▸ To do
Search the listing below for the line with "Camisa Infantil - Ghostbuster Pac-Man", then write out that line and every one after it exactly, without the pictures.

▸ Raw data
= = = = =
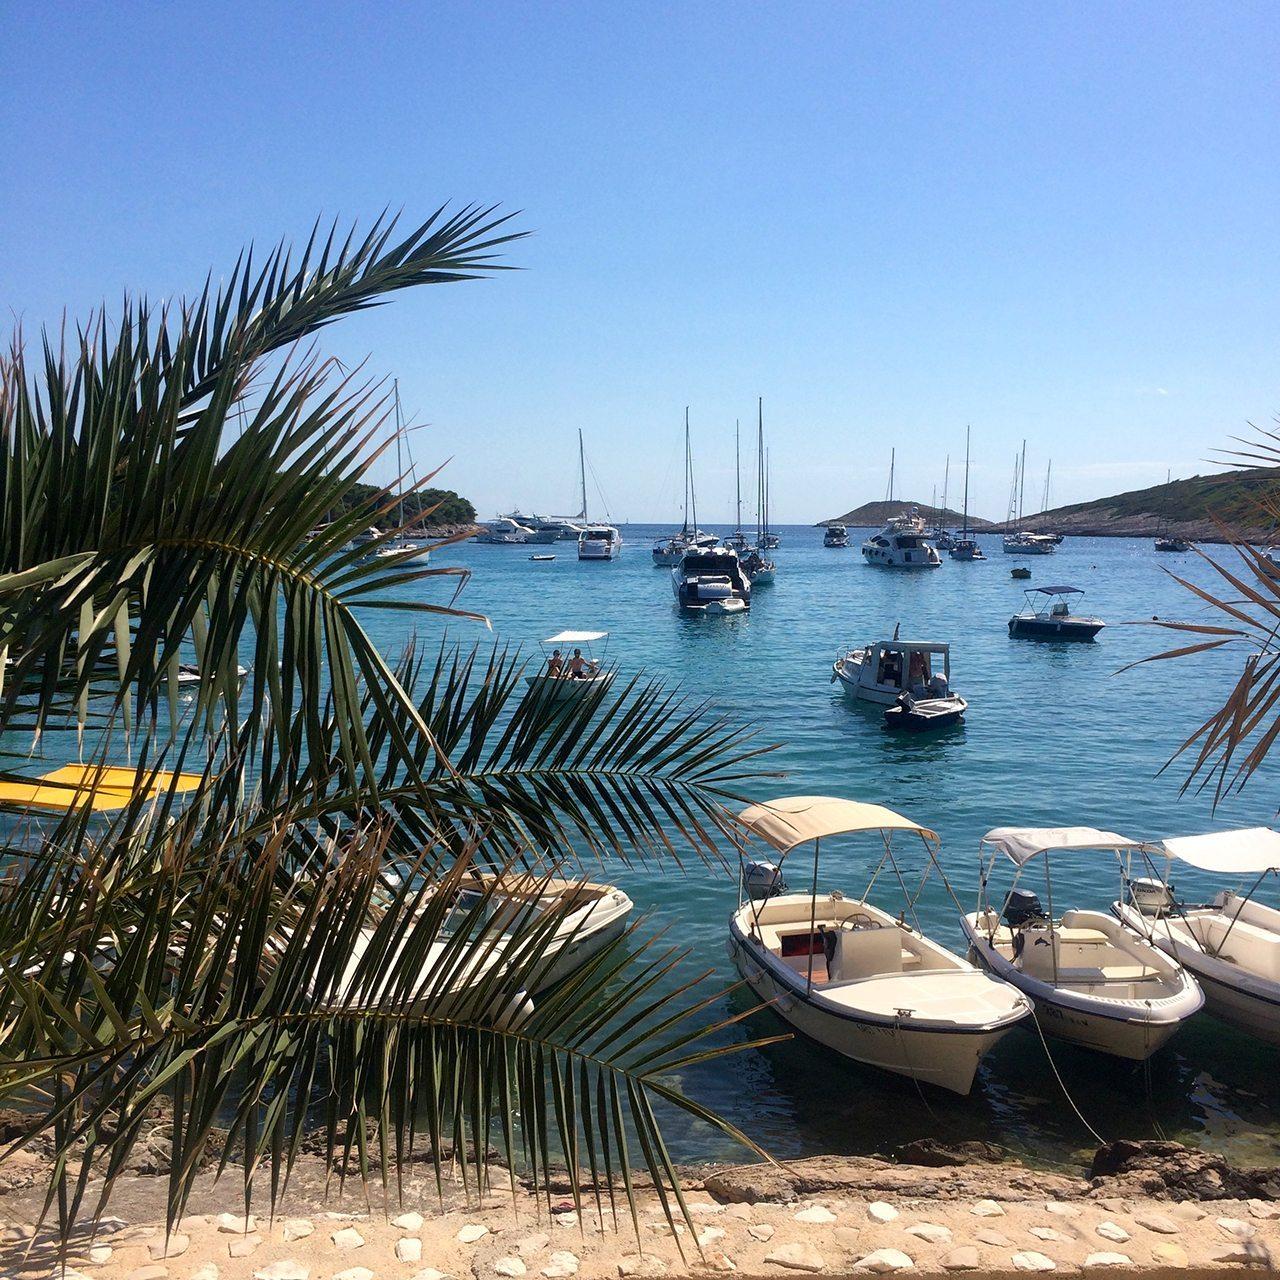 MedSailors Hvar Party Island Croatia Boats Docked 2
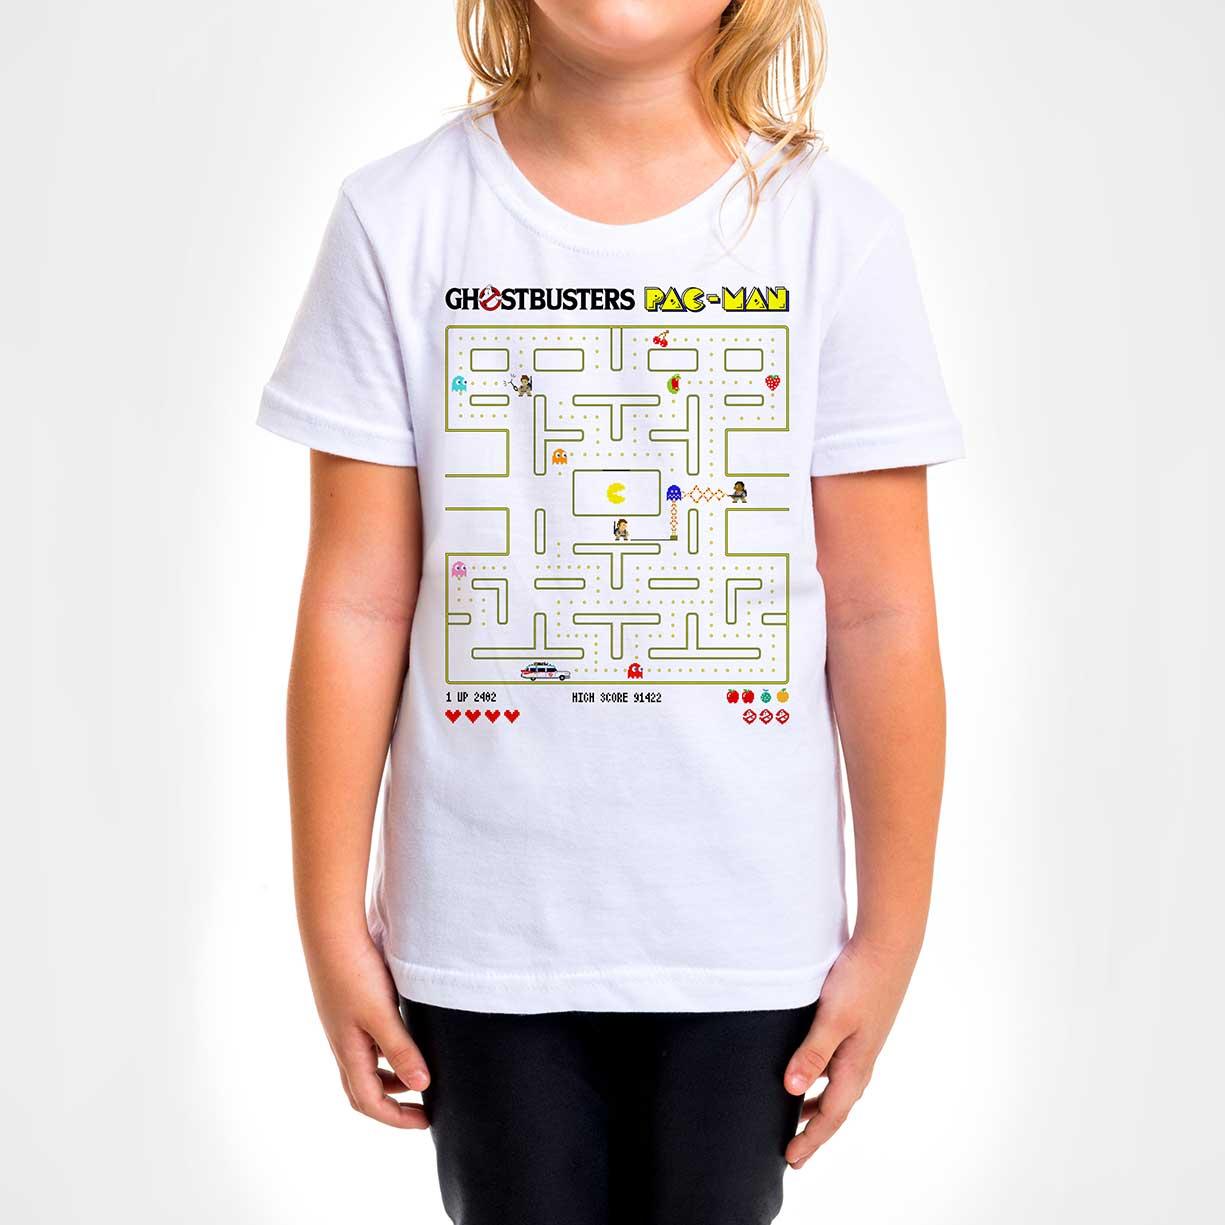 Camisa Infantil - Ghostbuster Pac-Man
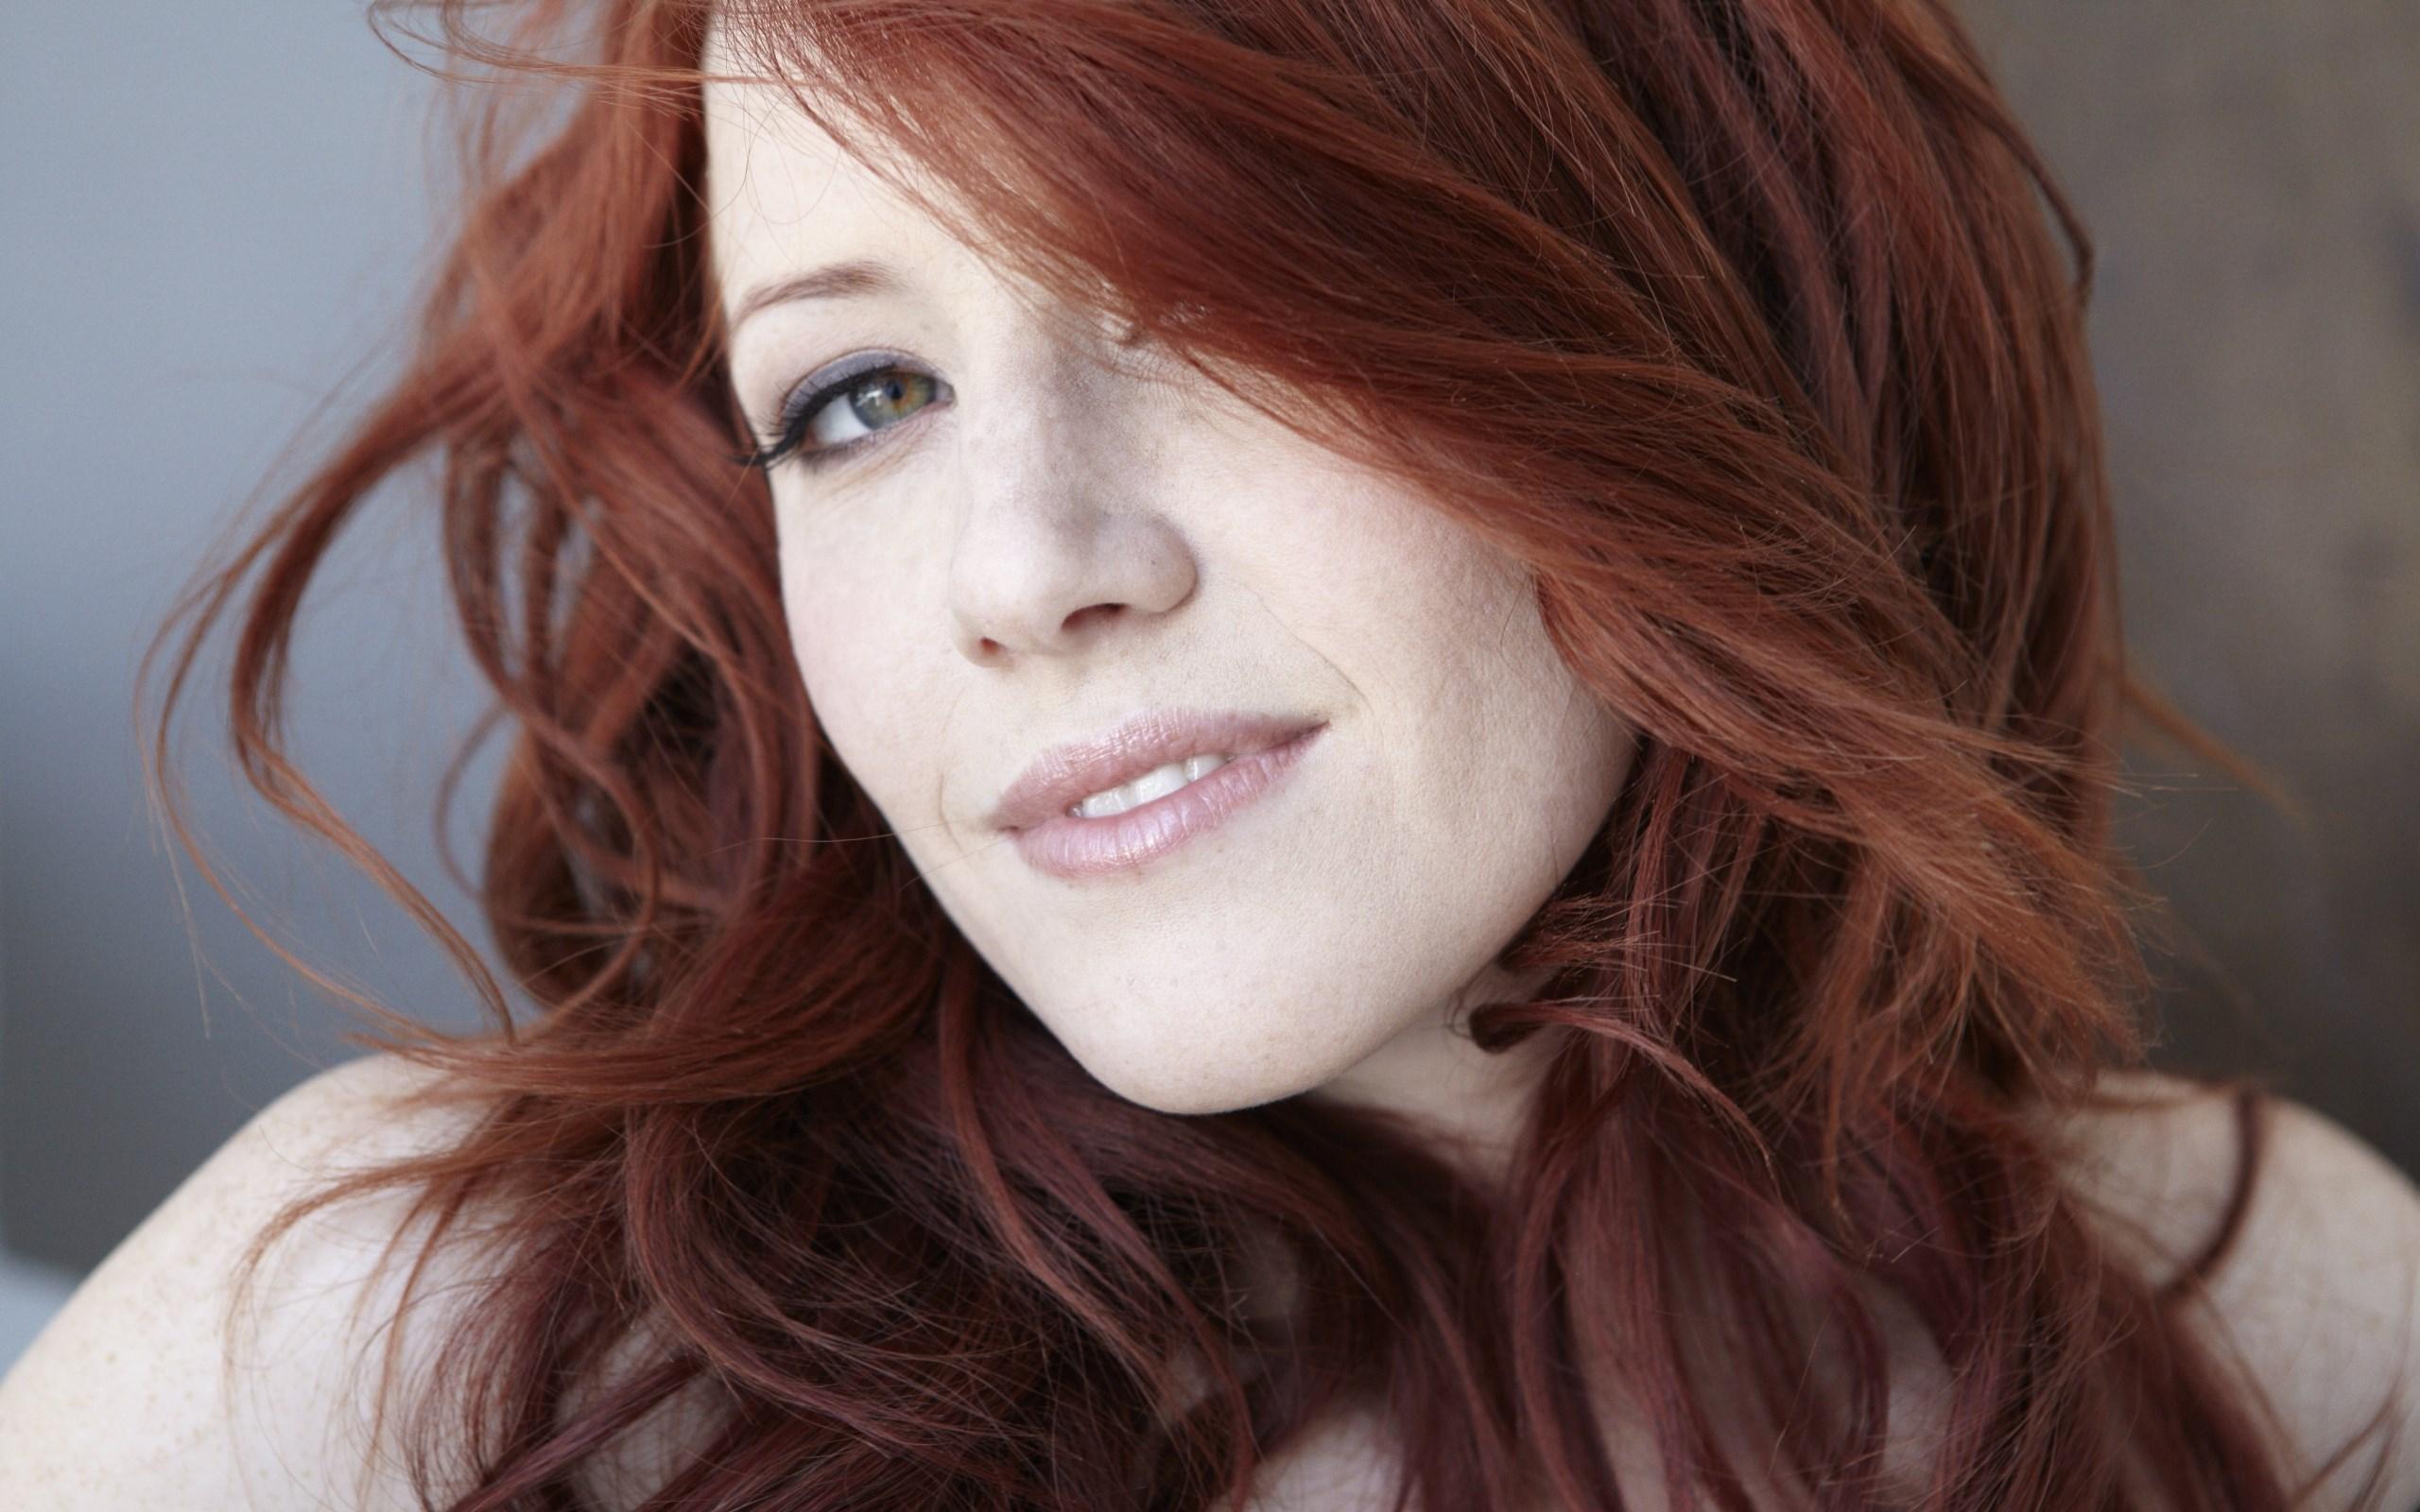 Portrait Redhead Girl Smile
= = = = =
▸ Exercise result
 Camisa Infantil - Ghostbuster Pac-Man
 Portrait Redhead Girl Smile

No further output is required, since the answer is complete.